2.2. General Overview and Scope
The MG-management strategy comprises the first two management levels of the hierarchy (home and community). In the first level, the individual household self-consumption maximization is pursued by controlling BESS charge and discharge cycles depending on the relationship between solar production and consumption. In this level, power flows through the smart meter are controlled to avoid outages and maintain compatibility. Once all prosumers have been individually managed, community-level scheduling is developed. In this level, the main goal is the same, maximizing PV plusBESS energy consumption but under an EC vision, i.e., when prosumers’ deficits and surpluses exist within the same hour, these are matched and excess/lacking energy is bid in the DM. If not, the state of charge (SoC) of each prosumer is checked in order to take advantage of or cover any member’s excess or needed energy. If all SoCs are within the operating limits, no bids will be sent; or if, conversely, no exchanges can be scheduled, the excess or lacking energy will be sent as an offer to the operator the day ahead.
Nevertheless, the DM offers sent to the market operator are not definitive because FRR market participation modifies individual SoCs. Therefore, CIM intervention is usually required for two main reasons: to correct the DM bid sent the day before, maintain a secure SoC, and optimize expenses of all prosumers by trading and doing energy arbitrage. This second CIM intervention is part of the strategies developed by the VPP operator. For an optimized real-time operation, information flow between community manager and VPP operator is crucial; therefore, in
Section 2.4, the data exchange is detailed.
Regarding the scope of the methodology, it is divided into two main objectives:
To obtain extra monthly savings in the electricity bill by aggregating prosumers and offering aFRR services to the TSO. For that aim, as mentioned, optimized energy trading techniques have also been implemented for enhanced operation and revenue maximization;
To analyse future scenarios for energy consumers in economic terms within 15 years after evaluating the profitability of the EMS on a year basis. These scenarios are: (1) utility grid consumption or business as usual (BaU); (2) installing only PV panels and participating in the net billing scheme developed recently; (3) adding a BESS to the net billing scheme; and (4) joining an energy community based on the proposed EMS. The developed tool can study all these by switching on/off the community mode, the BESS and/or PV production.

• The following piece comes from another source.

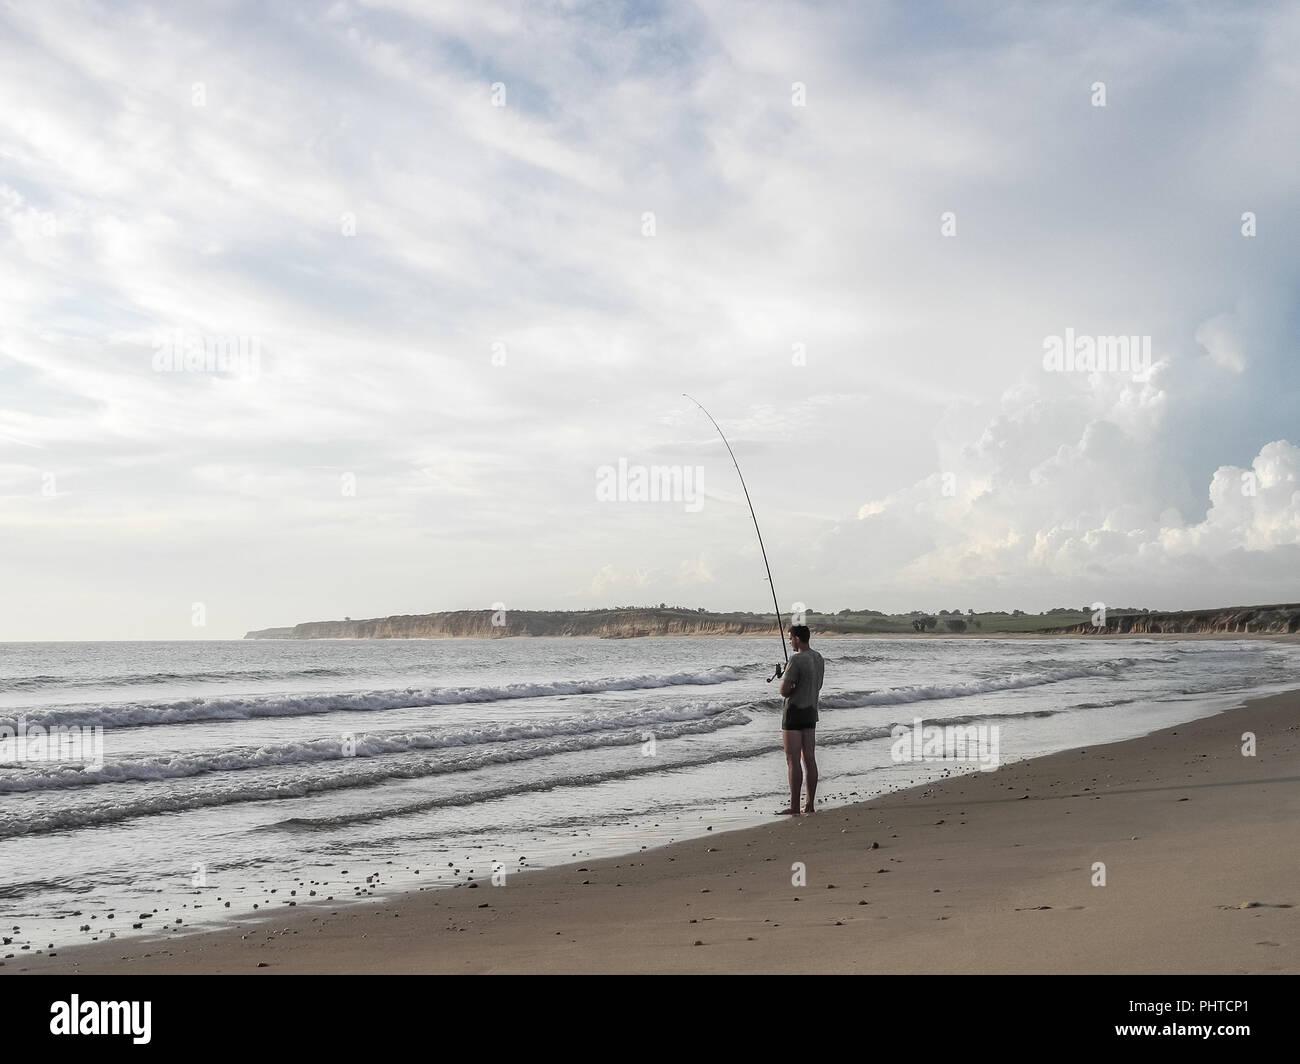 Luanda, Angola - April 26, 2014: Recreational young fisherman standing at beach north of Luanda angling, Angola, Africa. - Stock Image

2.3. Definition of the Case of Study’s Scenario
The energy-community object of study is composed of five prosumers who have different consumption profiles among them. Remarkably, all the input data was obtained from real data sources for the November 2021 to November 2022 period. Among these, solar irradiance information was obtained from the weather agency’s website [
23] and from the closest weather station to each prosumer, and energy consumption data were obtained from real metering data reported on their distribution-company application [
24].
After obtaining the consumption data for each user, the PV and BESSs were sized, and solar production was calculated following common criteria. Solar arrays’ configuration was designed following the solar peak hours (SPH) criterion aiming to obtain an annual solar coverage ratio (SCR) of 100%. Briefly, with this criterion the equivalent hours of maximum daily irradiance (SPH) were obtained with historical hourly irradiance (
Gmaxday) data by using Equation (1). Afterwards, the amount of required solar panels was calculated with Equation (2) using yearly mean SPH obtained in 2.1. Finally, monthly mean SCR was calculated using Equation (3):
with
Gmeanday being the mean hourly solar irradiance [W/m
2],
hday the 24 h per day [h],
Gmaxday which was considered 1000 [W/m
2],
nPV the number of PV panels [−],
PPV the power of the panel [kW] which was considered 0.3 kW each,
ηsyst the efficiency of all the systems [pu] which was considered 90% (i.e., 10% conduction and module losses),
SPHmean yearly mean SPHs [h],
SPHmonth monthly mean SPHs [h] and
Econ_meanday the mean daily consumption of a given household.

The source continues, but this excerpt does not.